Yes, sticking it in the live folder should work, I just tested and works for me, module loaded and Skype runs fine.
Can you see it in the list showing modules loaded at start of porteus boot ?
(assuming you use porteus-boot)

Edit: To avoid misunderstanding: it should be in the "live" frugal install folder where is also 01-filesystem.squashfs, not in the /live system folder.
No problem with dpkg, BTW, it is not dpkg registered.

Fred
Hmmm, that's odd.

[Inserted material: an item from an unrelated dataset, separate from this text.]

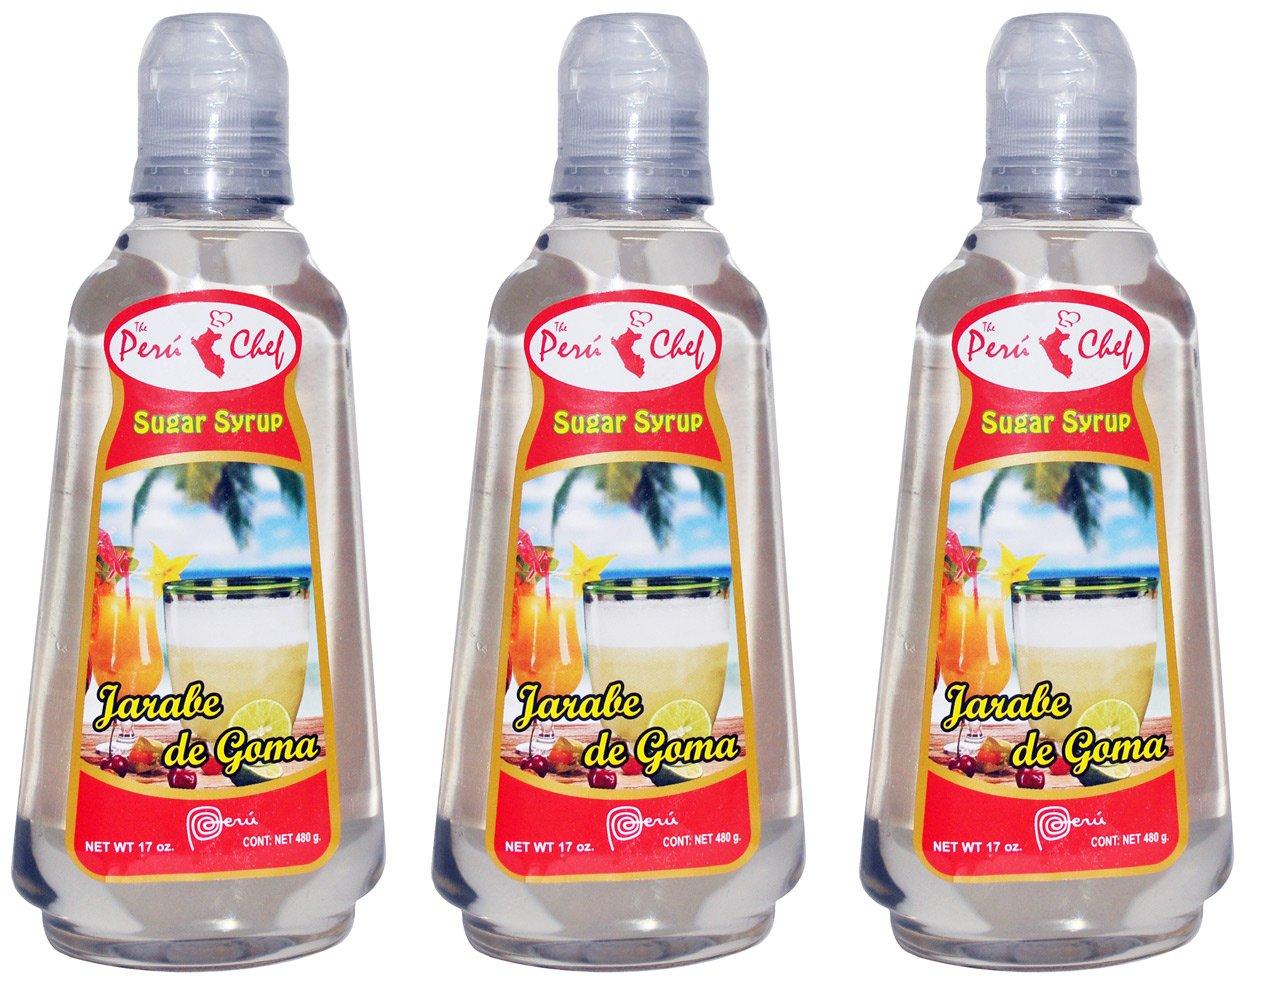 Jarabe de Goma - Sugar Syrup 3 bottles of 17 oz each by Peru Chef (Image #1)

I thought it should work from frugal live folder too, but in tests neither it nor ffmpeg.sfs were loaded. Since then I've remastered with downloaded skype actually installed (as well as apulse) and so I can't test the modules again right now but I'll create a pristine setup and try again later. I had applied all the stuff mentioned in the fixes post and possibly used remasterdog for something or other prior to trying skype module in live folder - just wondering now if I broke something.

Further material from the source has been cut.